Neil Innes – Chief technology officer at ecommerce provider Visualsoft
One key threat for retailers are DDOS threats – that’s a distributed denial of service, where the cyber-criminal floods a website with “fake” traffic under the guise of actual traffic. The purpose is to overload the website-hosting infrastructure to bring the website to a crawl or take it offline entirely. These are usually tied to an extortion email asking for [digital cryptocurrency] bitcoins.
They happen as a result of retailers not keeping software up to date or not having a strong enough view on security, be it tech, application or social based. It is important to always update software when security patches are available, invest in DDOS mitigation systems and pen testing (penetration testing). This is where you evaluate the security of a technical infrastructure against vulnerabilities from cyber-attacks. It is important to ensure computer processes cover security requirements and review them regularly.
Paul Leybourne – Head of sales at network service provider Vodat International
The main things retailers can do to protect themselves from hacking are based around making sure they have the right levels of security across the estate. Retail is notoriously bad at investing in IT infrastructure. Most of the investment from retailers is around driving sales as opposed to looking at the IT infrastructure, and that makes them vulnerable.
It really is about having the right, up-to-date levels of security, with firewalls and anti-virus software. Those make it difficult for anybody to get into the network, but also prohibits anyone getting out of the network to any places where they shouldn’t be.

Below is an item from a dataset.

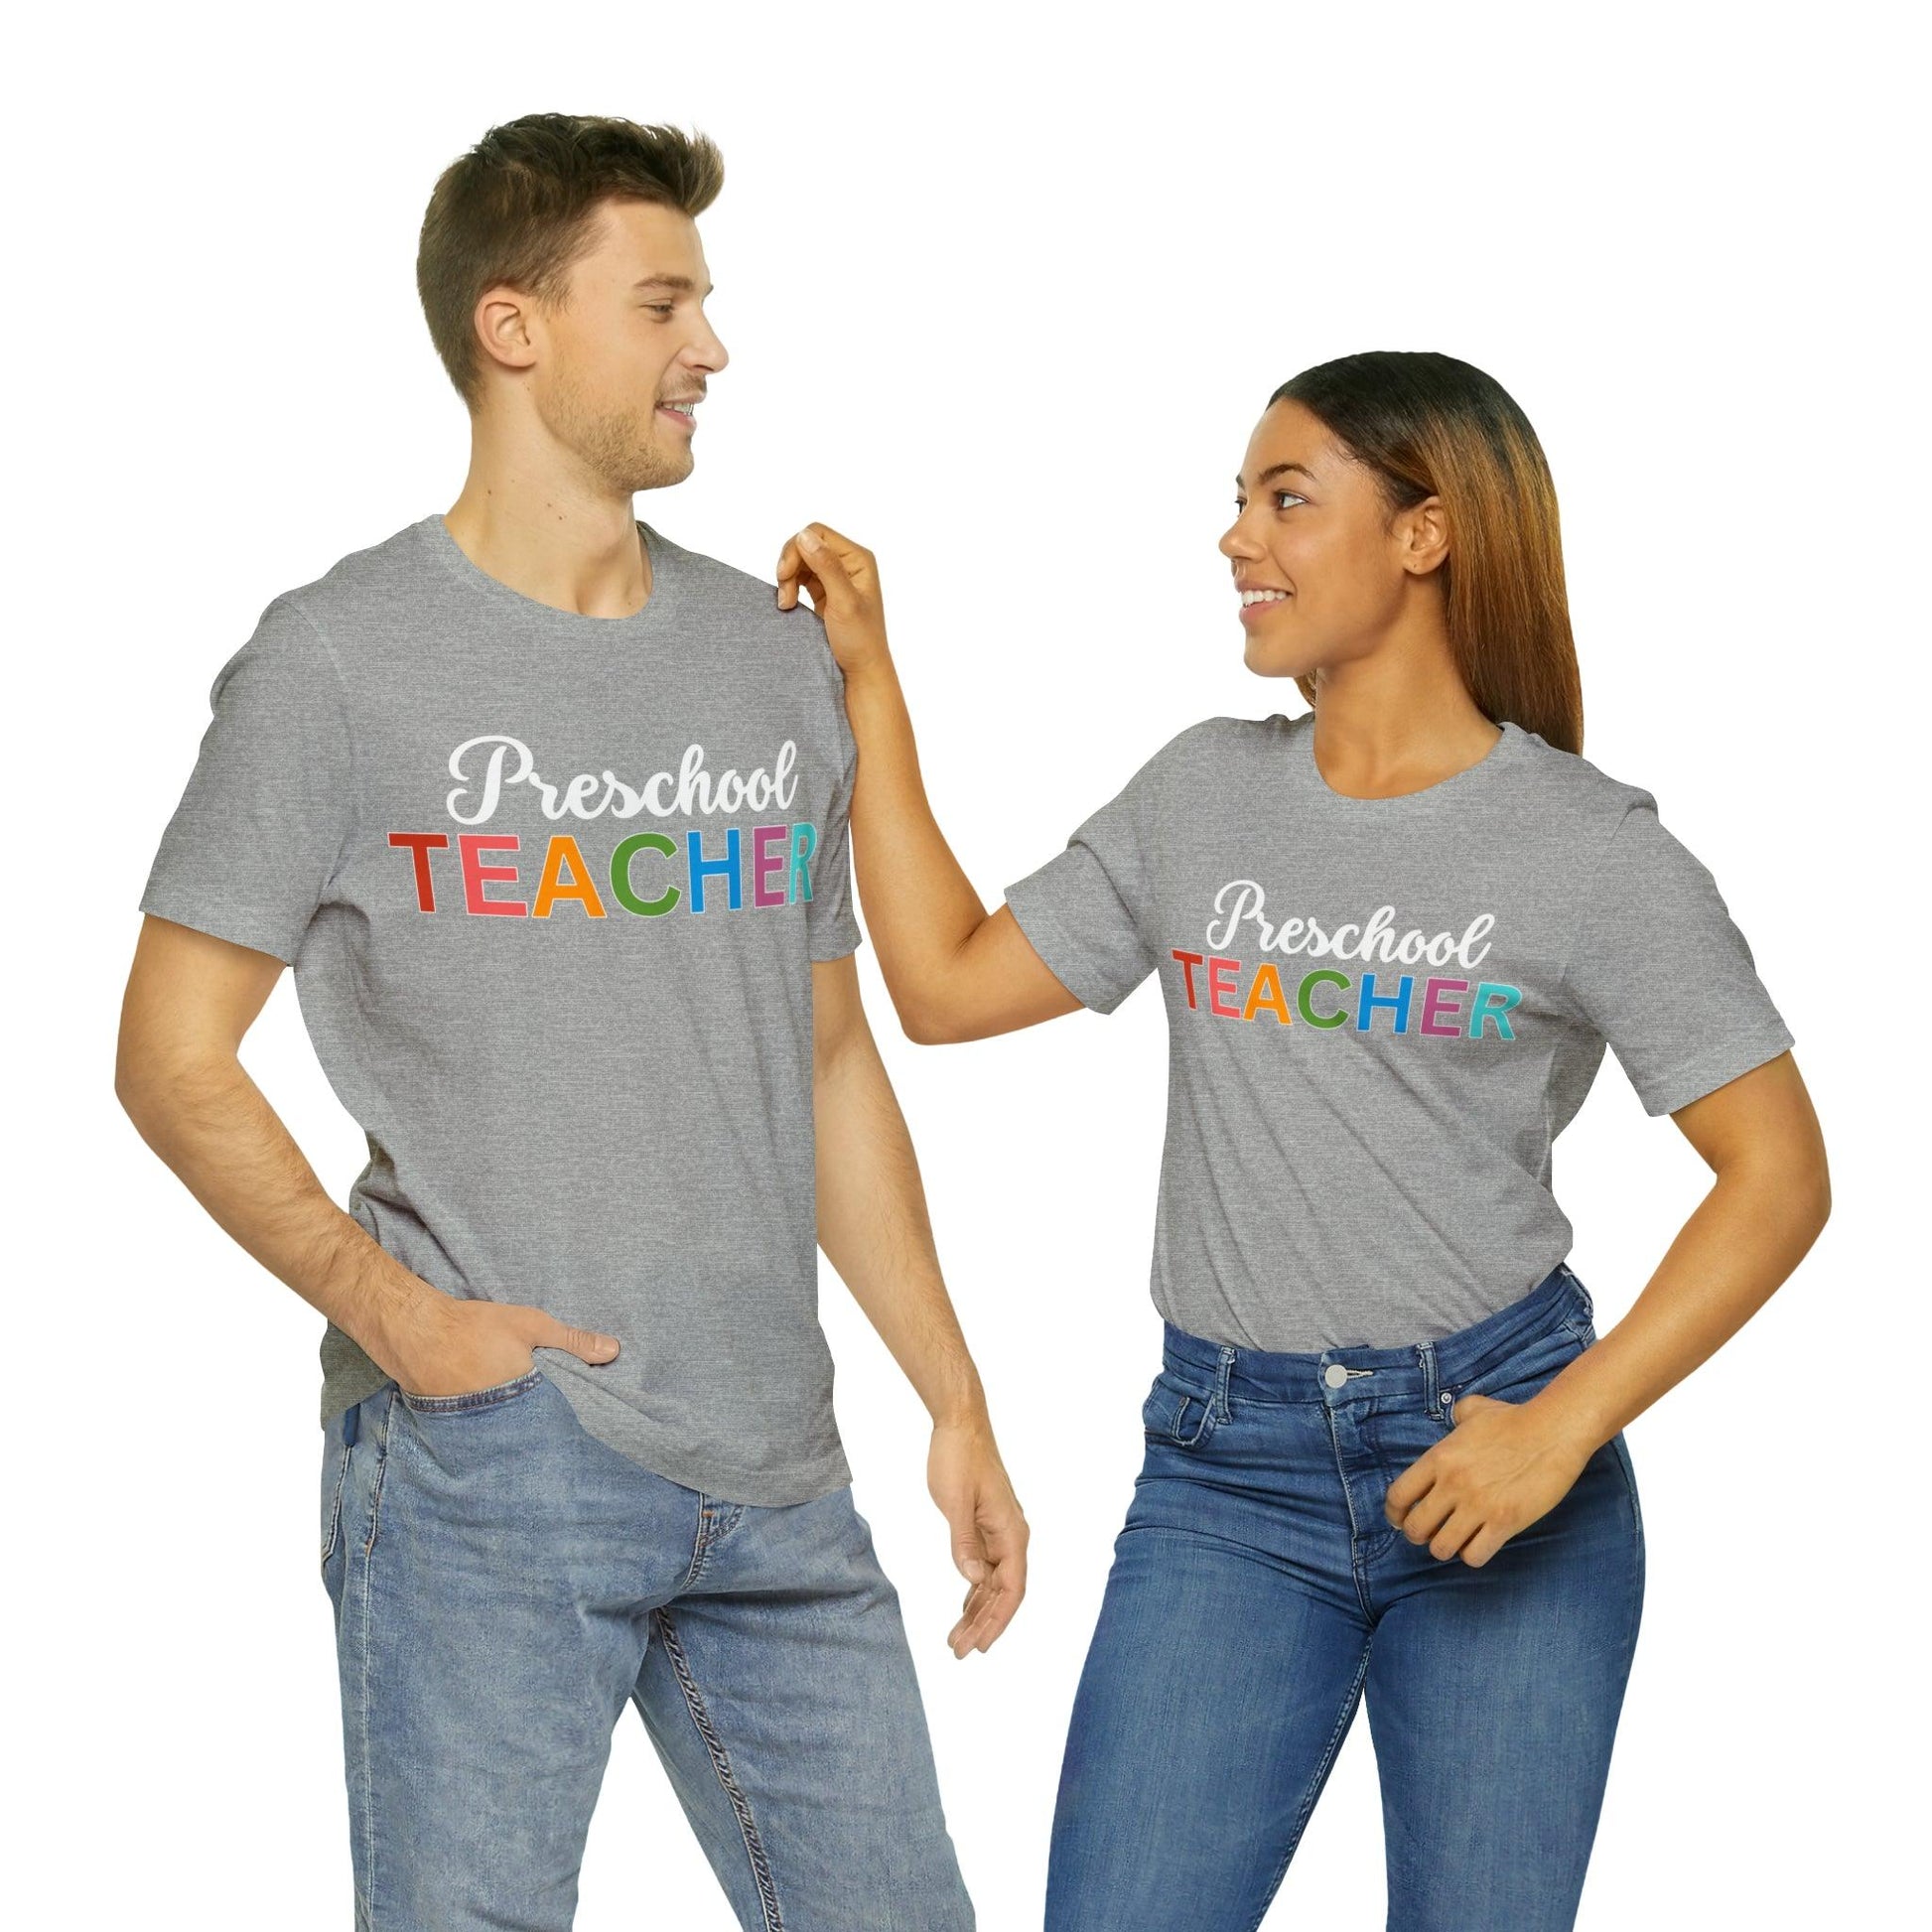 Preschool Teacher Shirt, Teacher Shirt, Teacher Appreciation Gift for Teachers - Giftsmojo
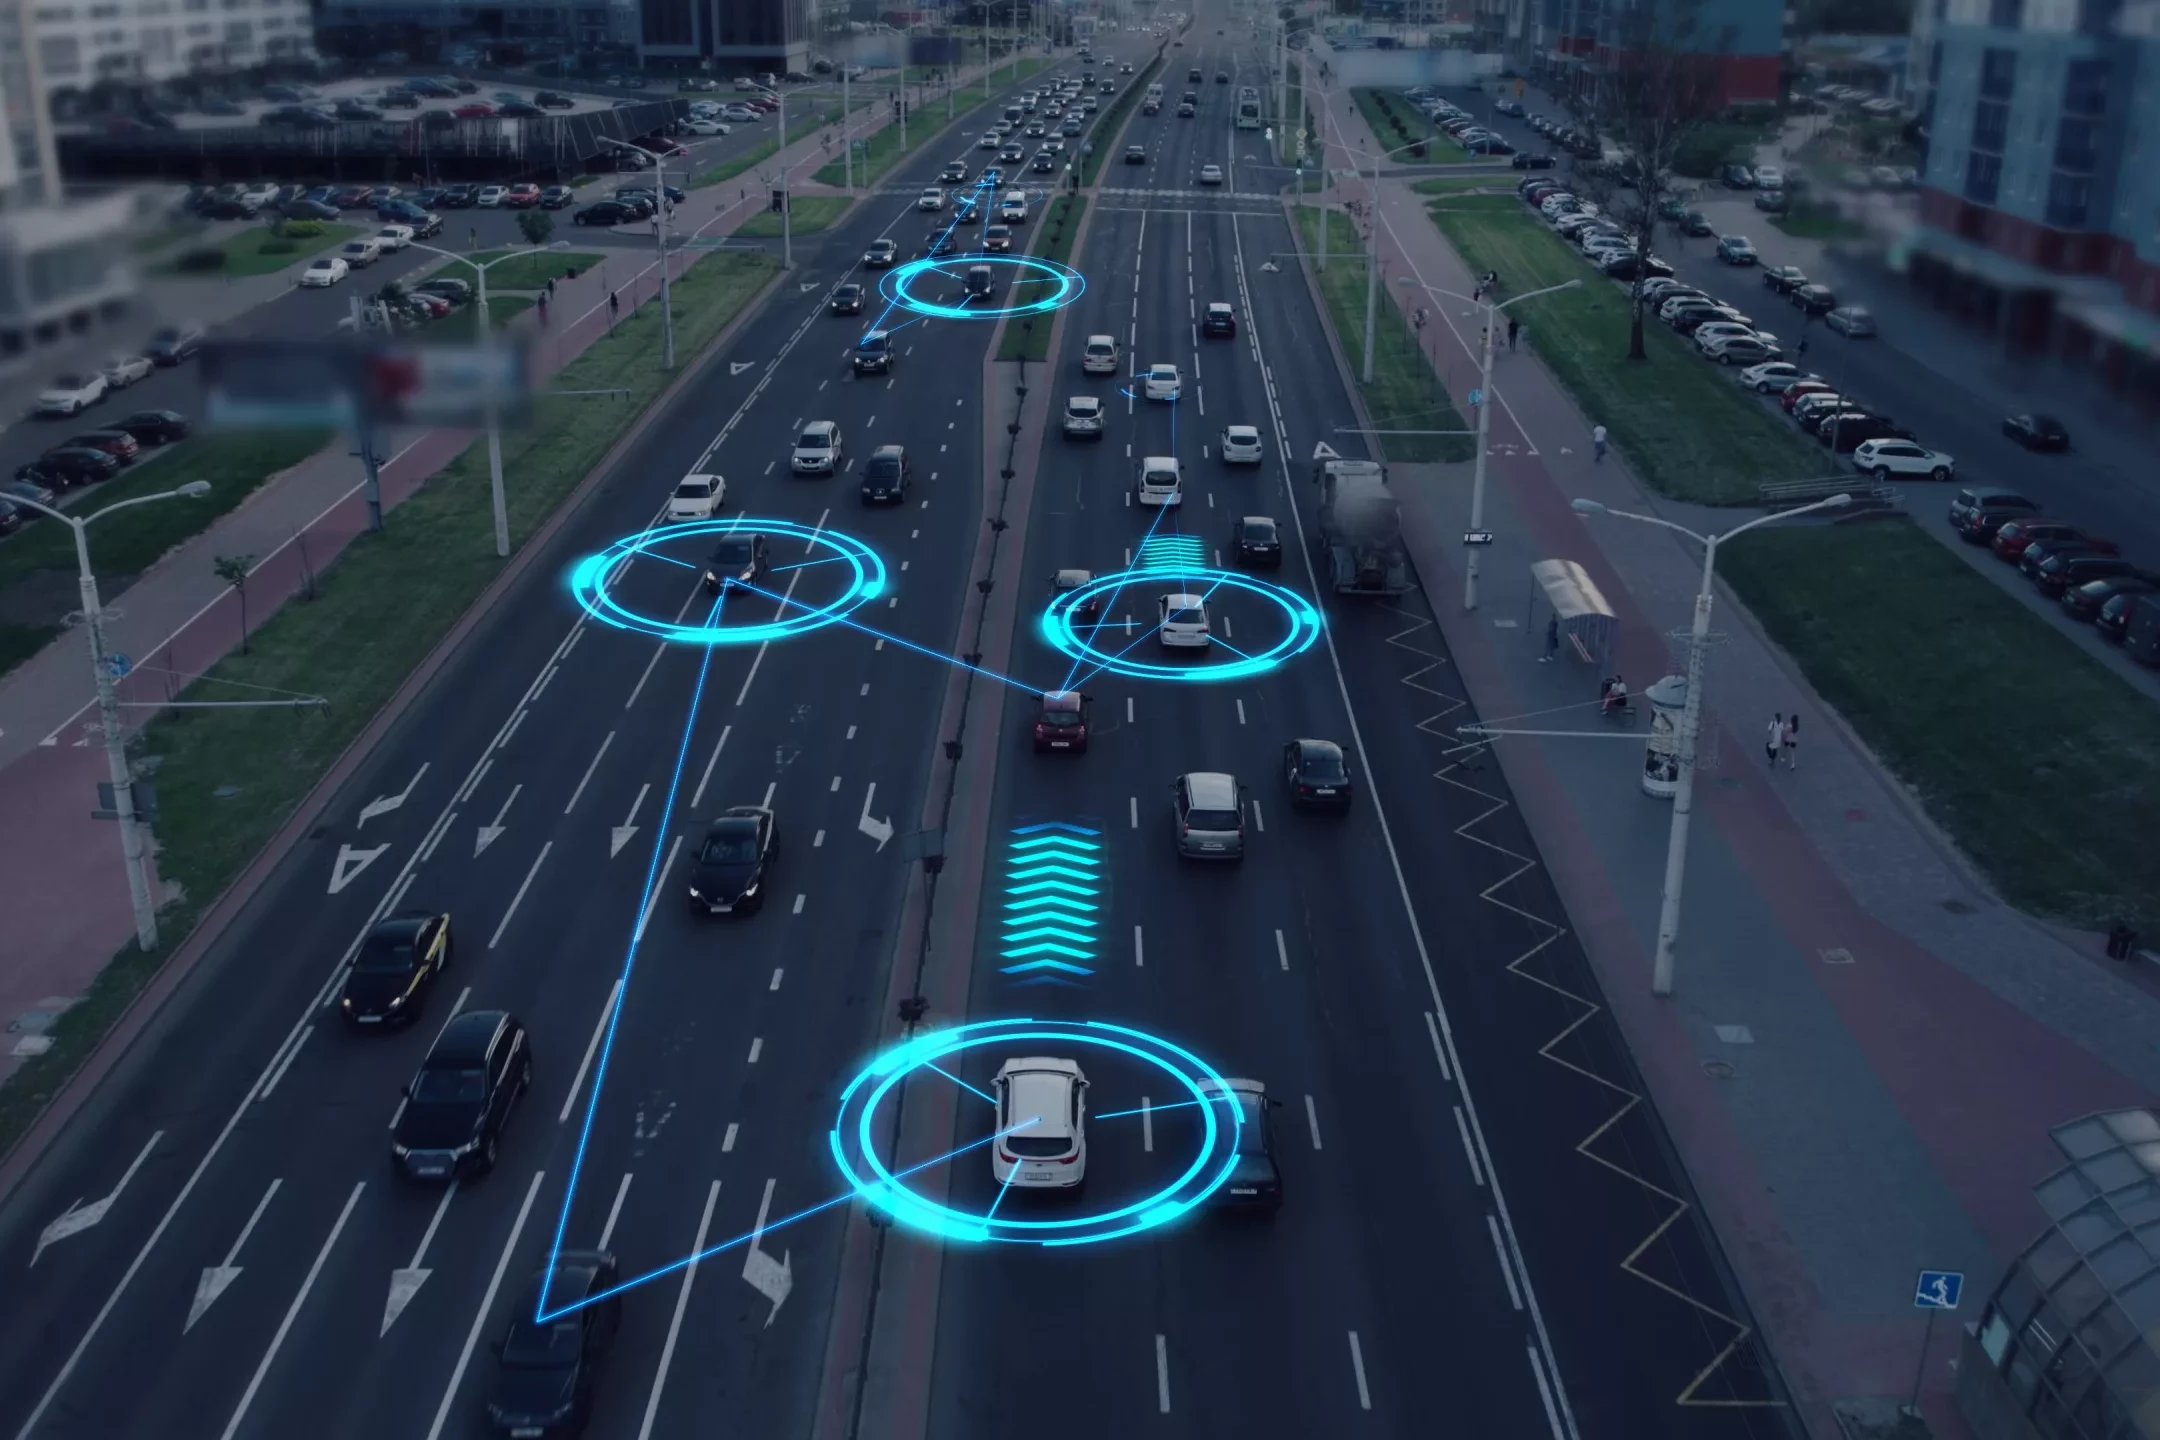 Visualisierung der Interaktion von selbstfahrenden autonomen Fahrzeugen. KI-gesteuerte Roboterautos fahren auf einer belebten Stadtstraße, scannen die Straße mit Sensoren und tauschen Informationen aus.

There are lots of ways people can get into a network. For example, most retailers have wi-fii in stores or offices, and people use that on handheld devices or their own connected devices. This all leaves vulnerabilities in the network as a way for people to get into the network of a business. The more “connected” a business is, the more susceptible it may be to an attack. Without the right levels of security there they are leaving the corporate network quite vulnerable.
Some retailers use two separate networks – they have their own corporate network and then they will have separate internet-facing connectivity that the customers to use in store to keep them away from the corporate network.
You can also have one network but segregate the traffic within that. One channel allows corporate and store devices and the other is limited to the customers. If a customer is using a mobile device to browse in-store then it does not touch the corporate network.
Lots of the necessary security is around sharing information and passwords. It’s about protecting customer details, protecting any of the services that you’re using. There’s not an instant fix to stop people getting into your network, but you can help by applying the right security settings.
- Patch and update all software and firmware, use antivirus software and firewalls, and regularly update devices and apps.
- When sending sensitive data on the move, do not connect to public wi-fi hotspots. Use 3G, 4G or a VPN (virtual private network).
- Control who has access to removable media (USB sticks, SD cards etc). Encourage transferring files online instead, via GoogleDrive, WeTransfer or similar.
- Make backing up computer storage a regular part of your business, and make sure the device containing your backed-up data is not permanently connected to the network.
- Do not enforce regular password changes – they only need to be changed when you suspect a compromise.
- Configure [employer-supplied] mobile devices so they can be tracked, remotely wiped or remotely locked if they are stolen.
- Use two-factor authentication for important websites (such as banking or data storage). This means you need a password and an authentication code that may be sent via text or email.